### INPUT DATA
[Start of section]

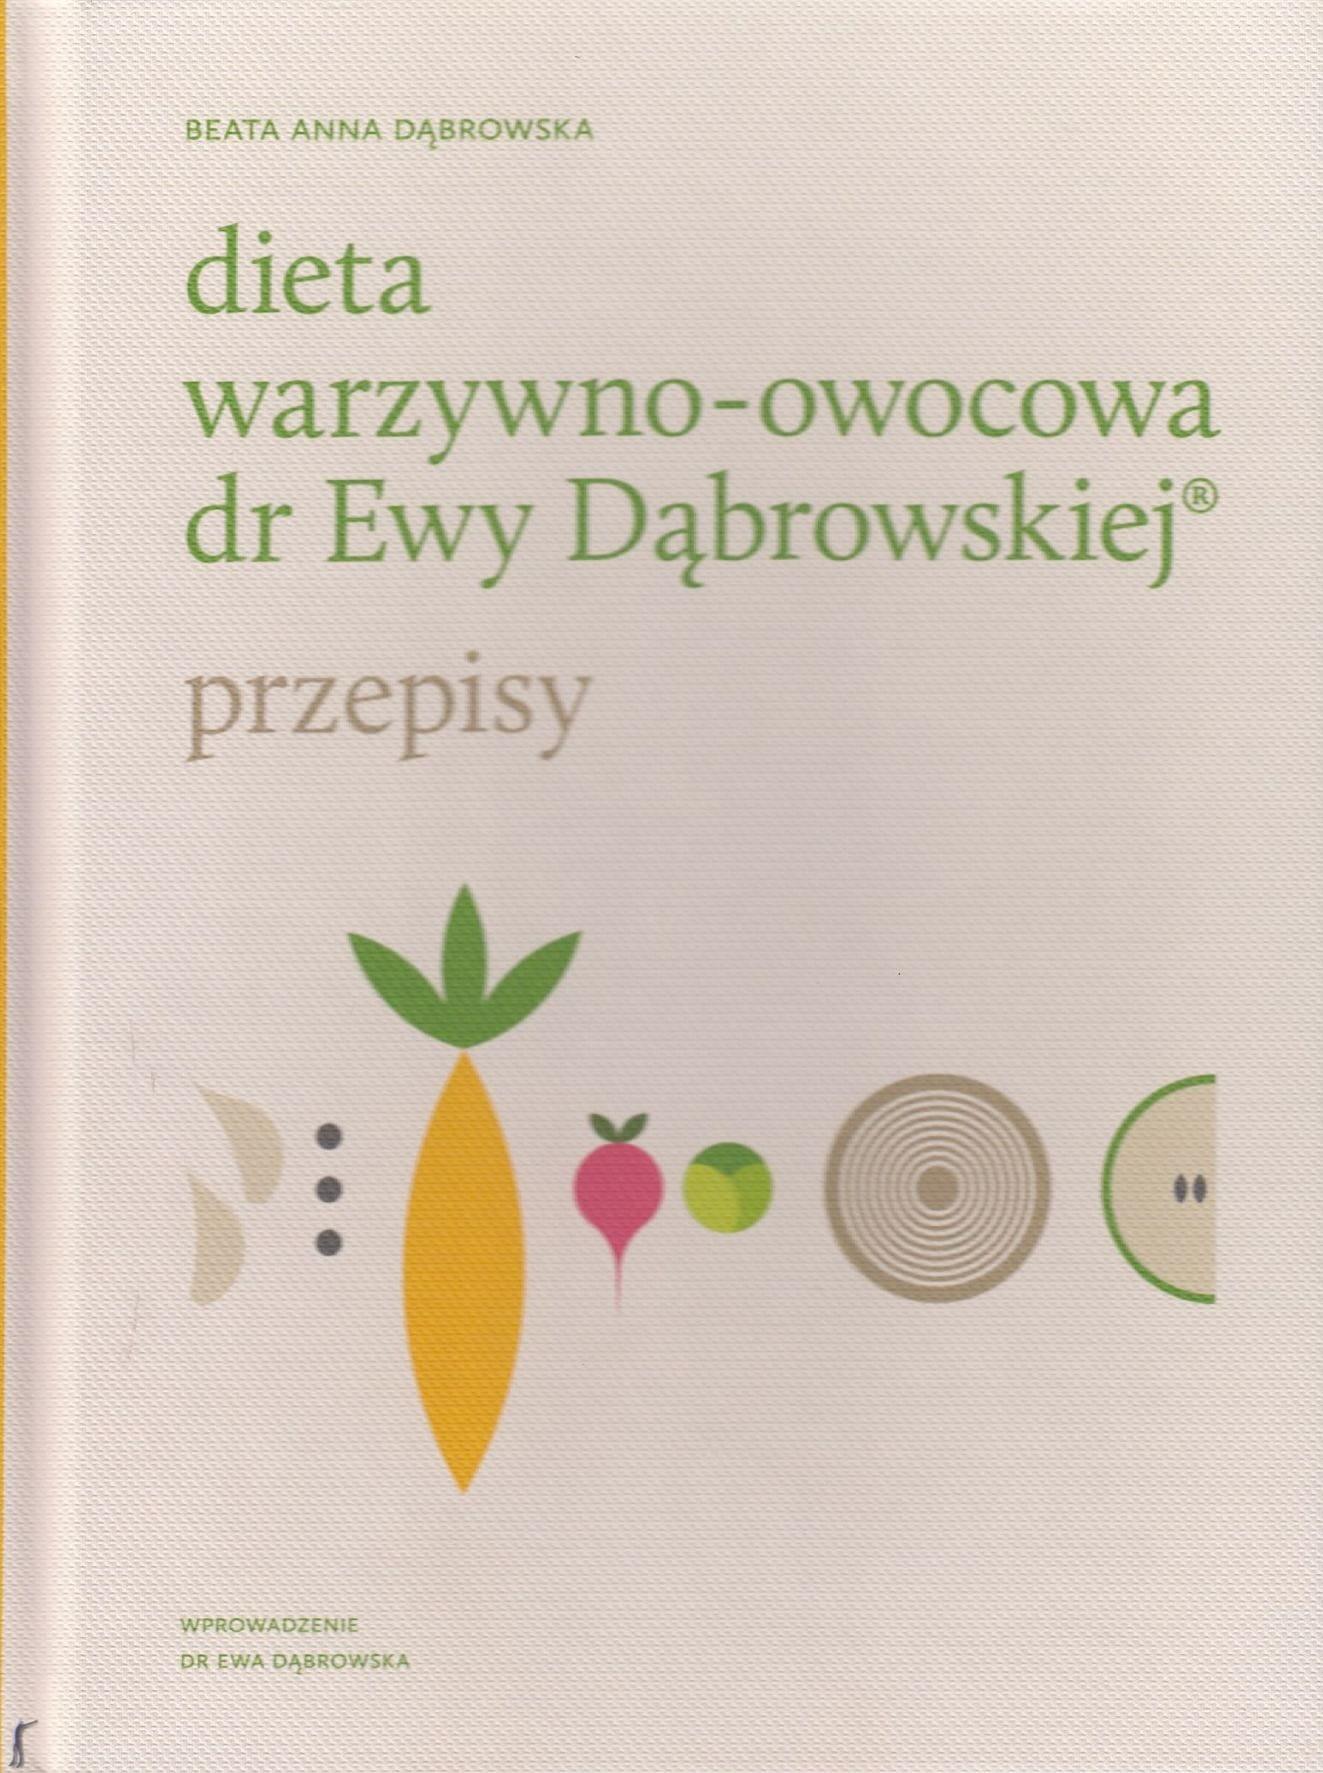 Dieta Warzywno Owocowa Dr Ewy Dabrowskiej Przepisy
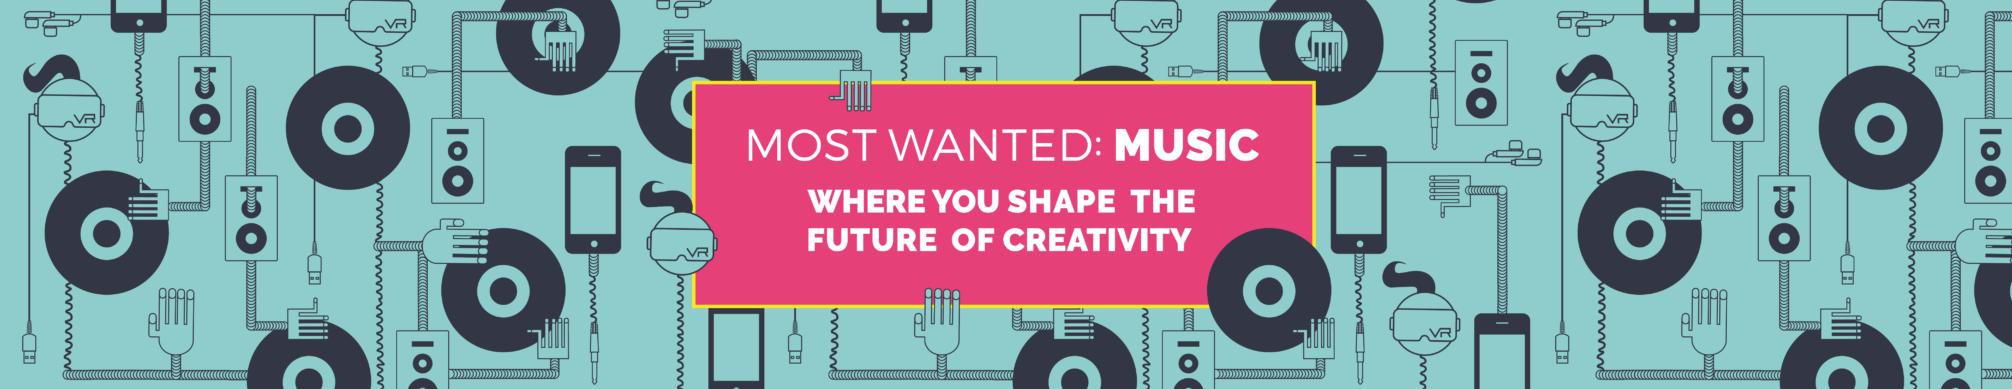 Most Wanted Music, MWM, MW:M, BMC, Listen to Berlin, Award, Musikkonferenz, Music Business, Conference, November 2018, Alte Münze, Event, Music Tech, CI, AI, KI, VR, Music App, Musikwirtschaft, Musikbranche, Business Event
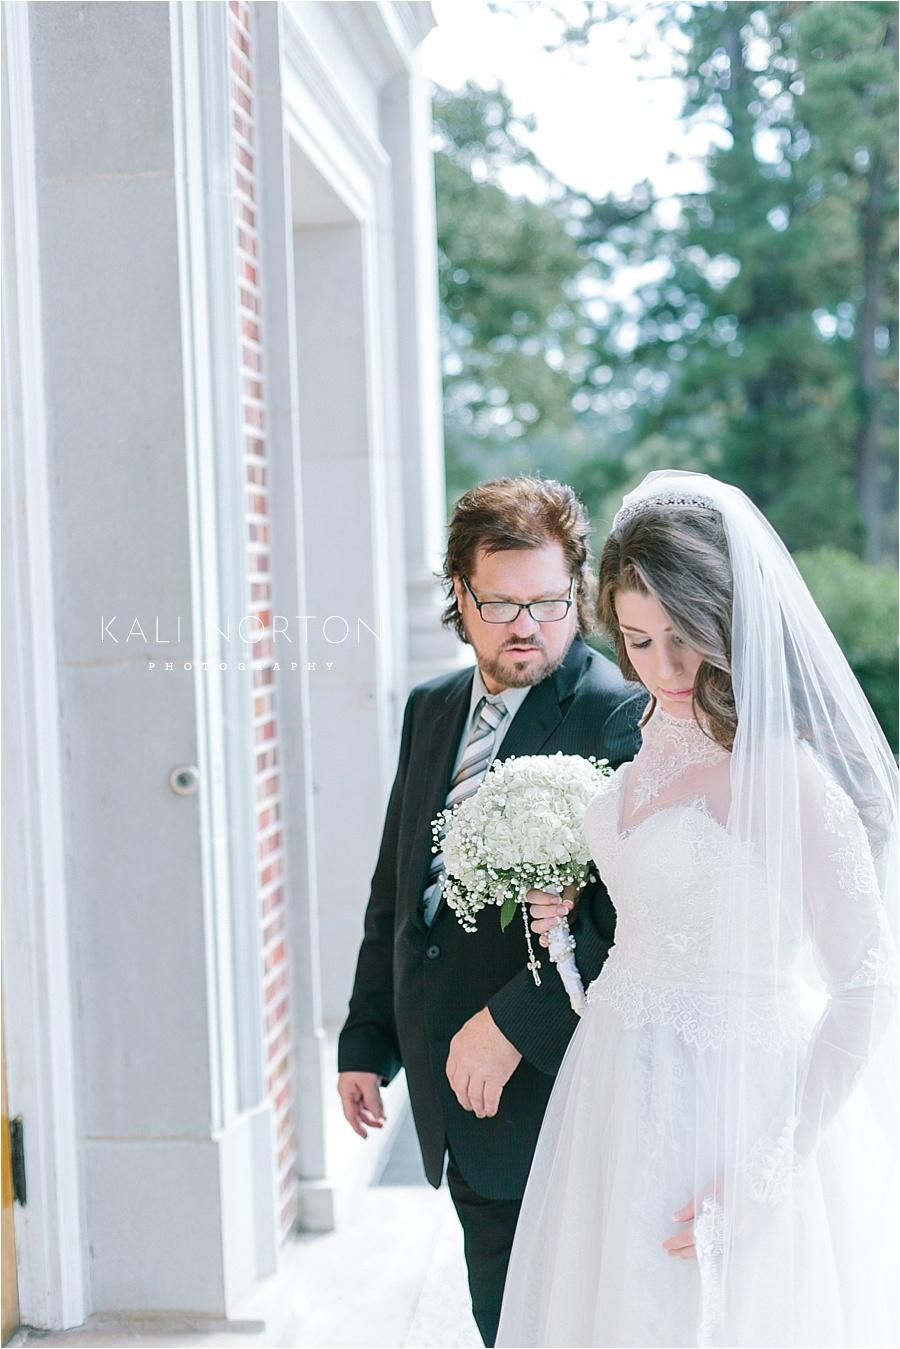 Kristina + Stephen

[End of section]

### ASSIGNMENT
Without any of its images, the data above should be returned exactly.

### FINISHED TASK
 Dieta Warzywno Owocowa Dr Ewy Dabrowskiej Przepisy
 Most Wanted Music, MWM, MW:M, BMC, Listen to Berlin, Award, Musikkonferenz, Music Business, Conference, November 2018, Alte Münze, Event, Music Tech, CI, AI, KI, VR, Music App, Musikwirtschaft, Musikbranche, Business Event
 Kristina + Stephen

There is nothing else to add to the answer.